What the task asks »
Starting at the line that contains "Grow Case - Plants Not Books" and stopping at the line that contains "decoration curve Clipart", restate each line of the records below exactly. Omit the pictures.

═══ Dataset records

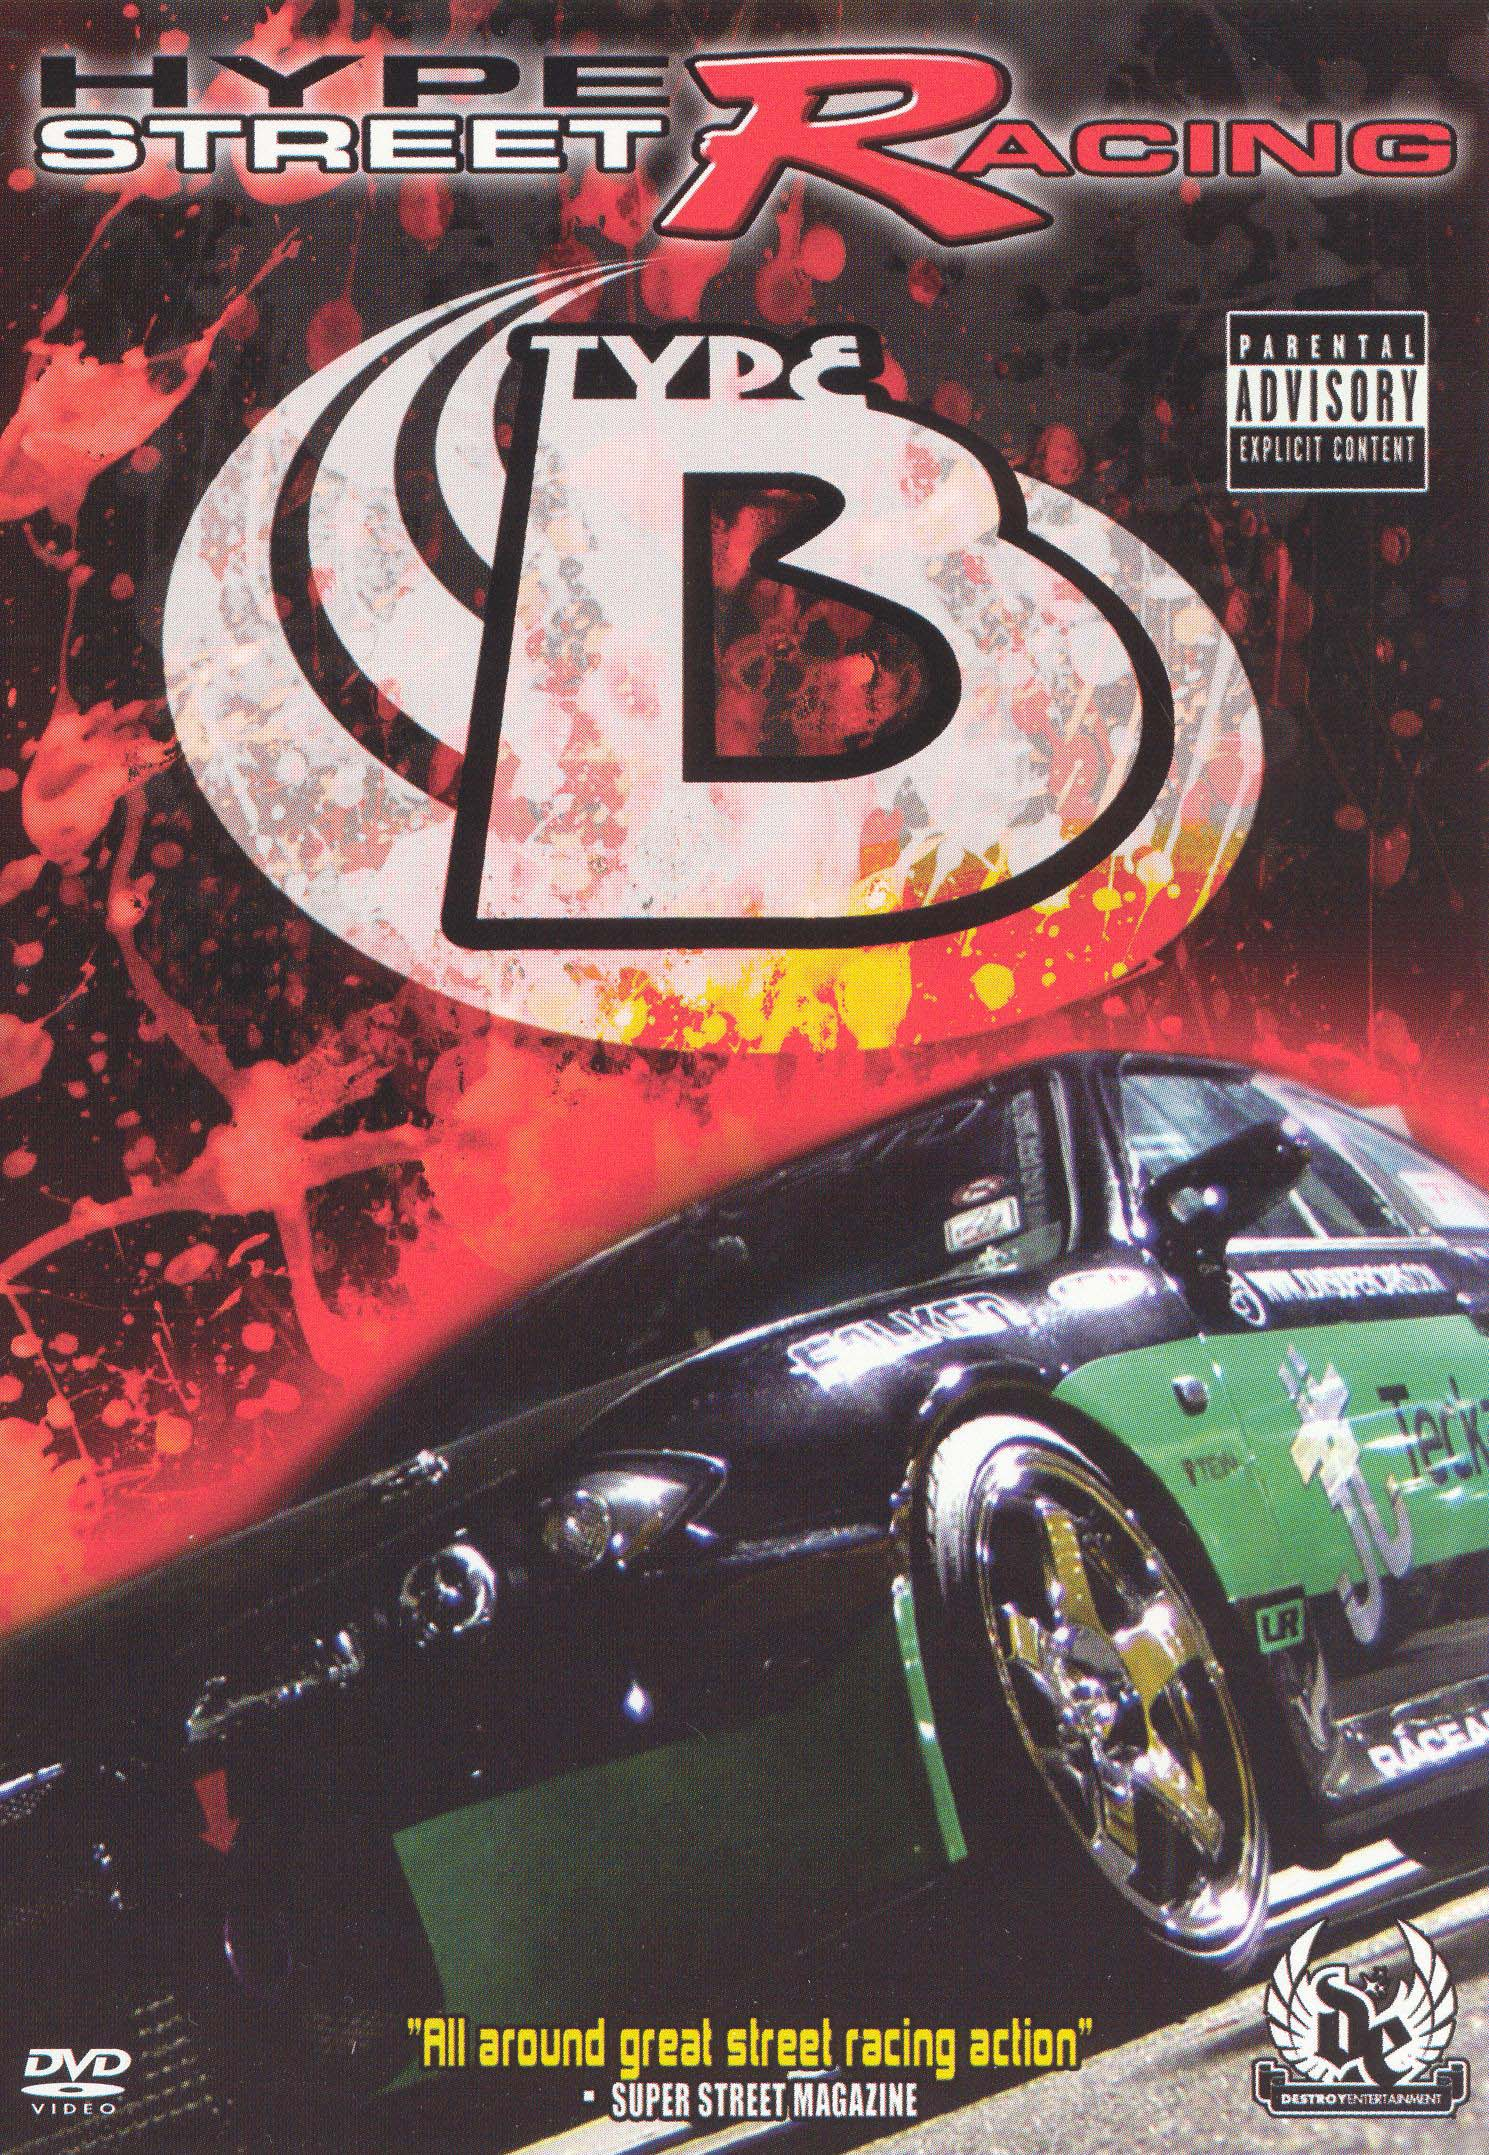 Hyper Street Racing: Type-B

══════
═══ Dataset records

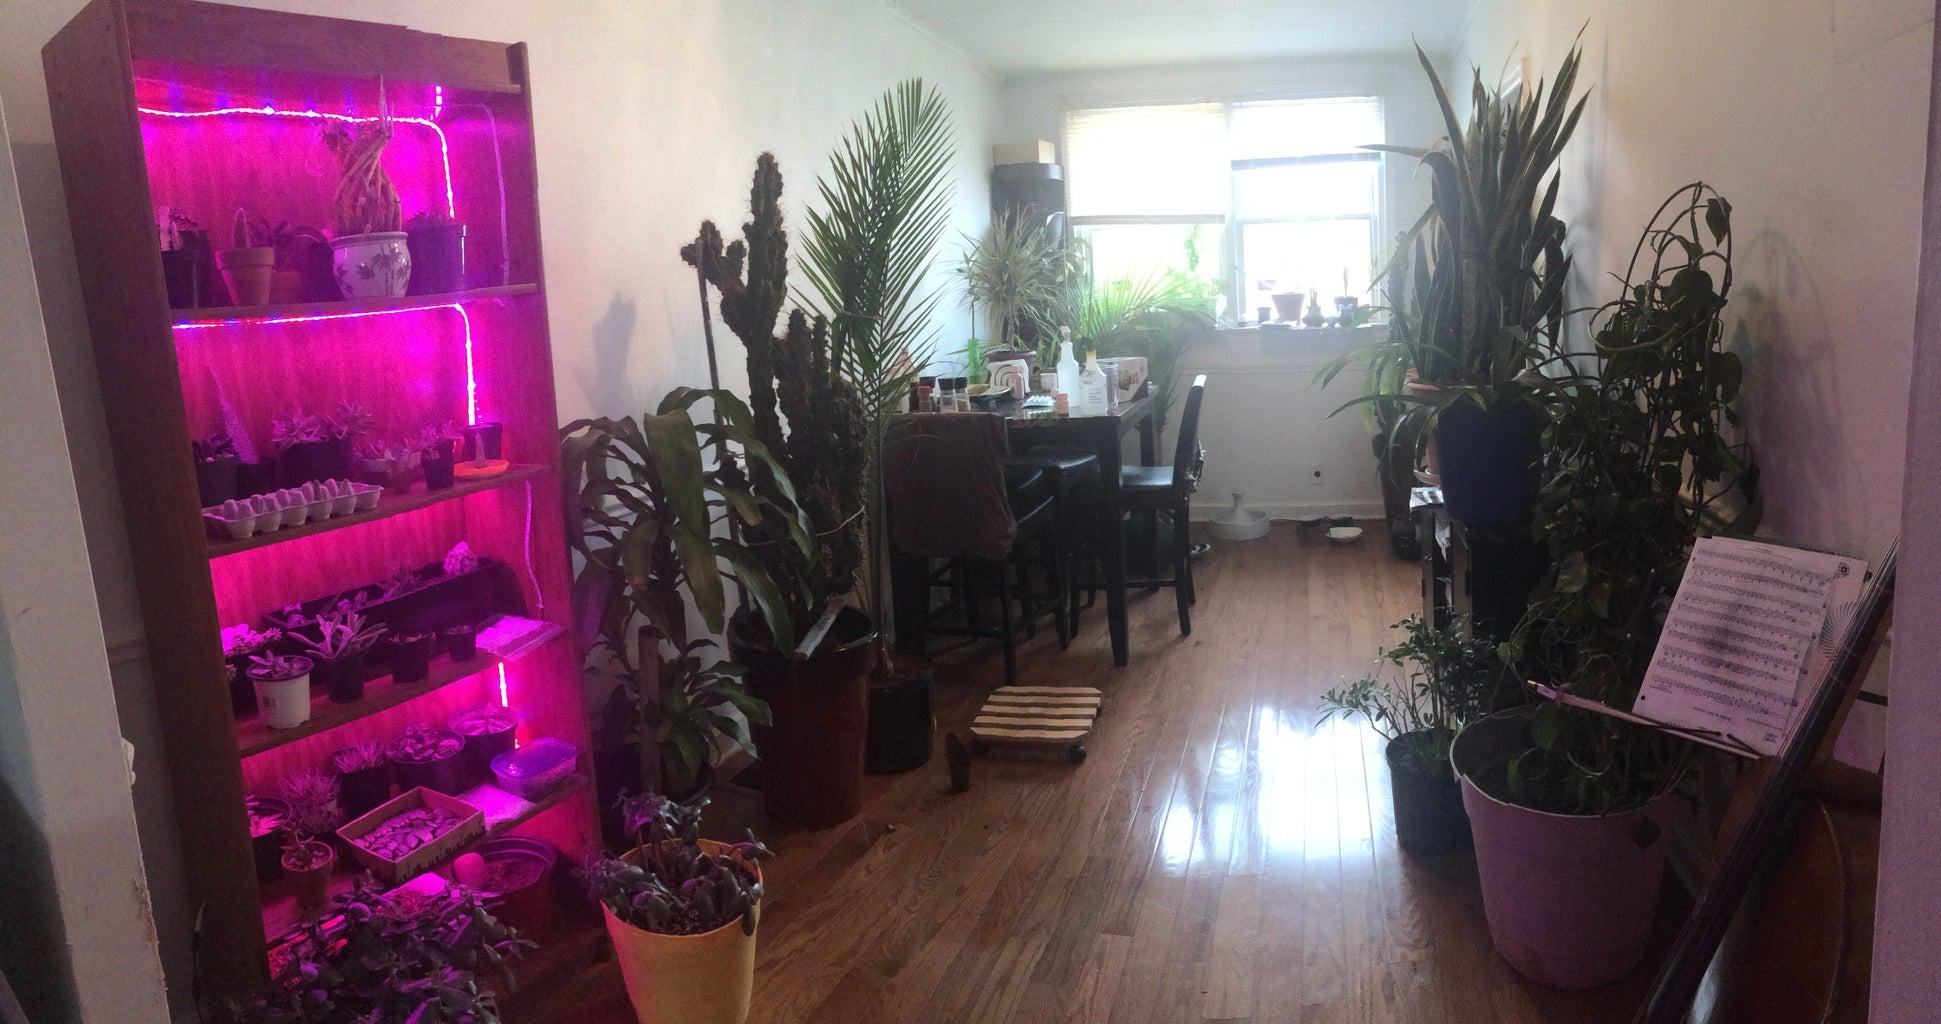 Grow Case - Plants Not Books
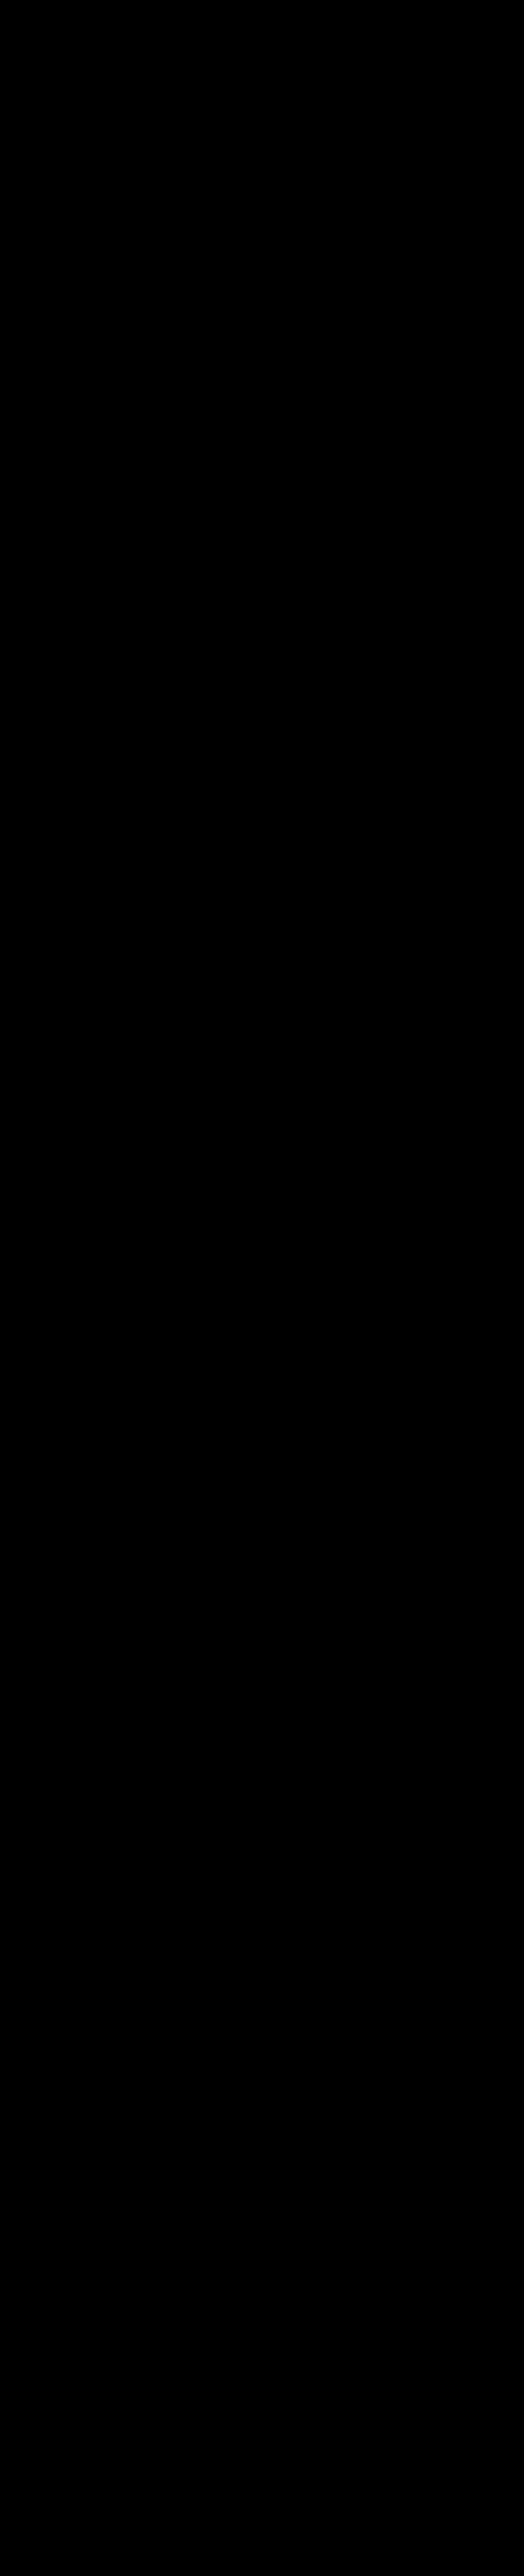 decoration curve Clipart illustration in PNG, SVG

══════
═══ Dataset records

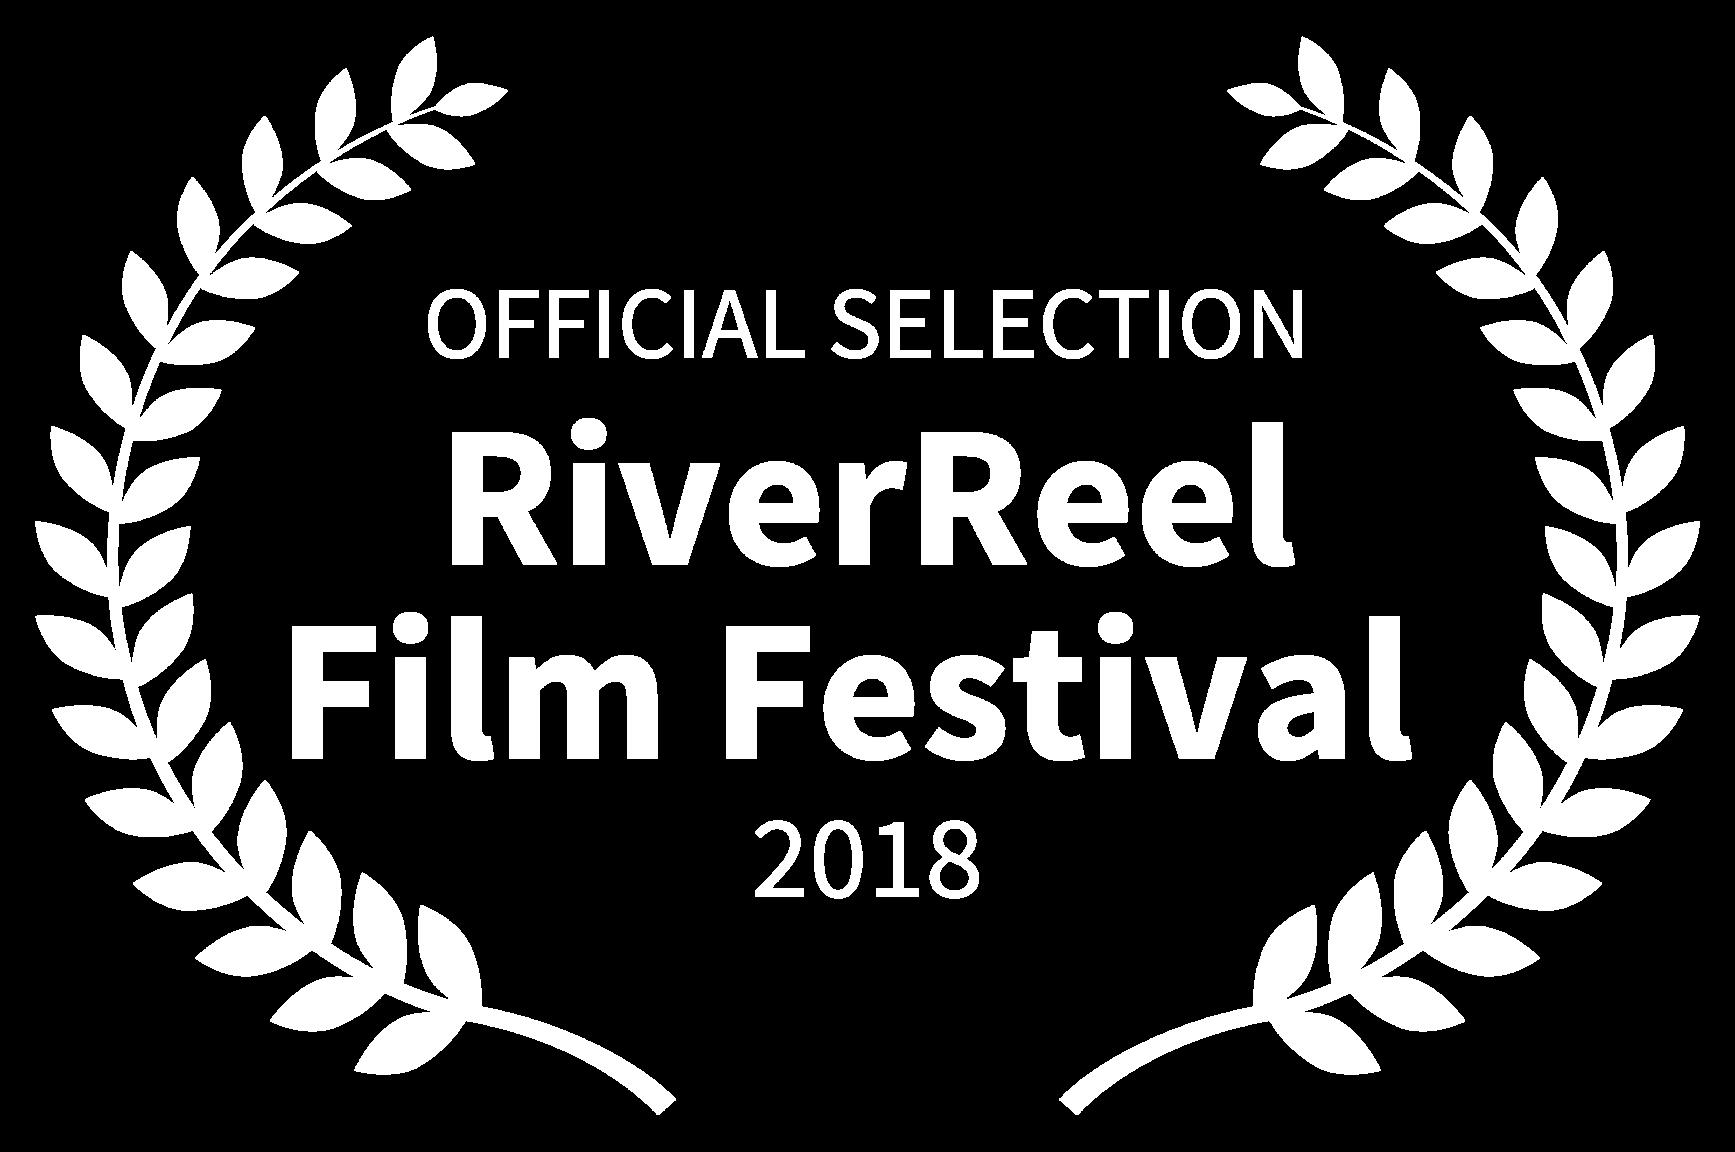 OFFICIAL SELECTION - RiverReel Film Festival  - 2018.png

══════

Response box »
 Grow Case - Plants Not Books
 decoration curve Clipart illustration in PNG, SVG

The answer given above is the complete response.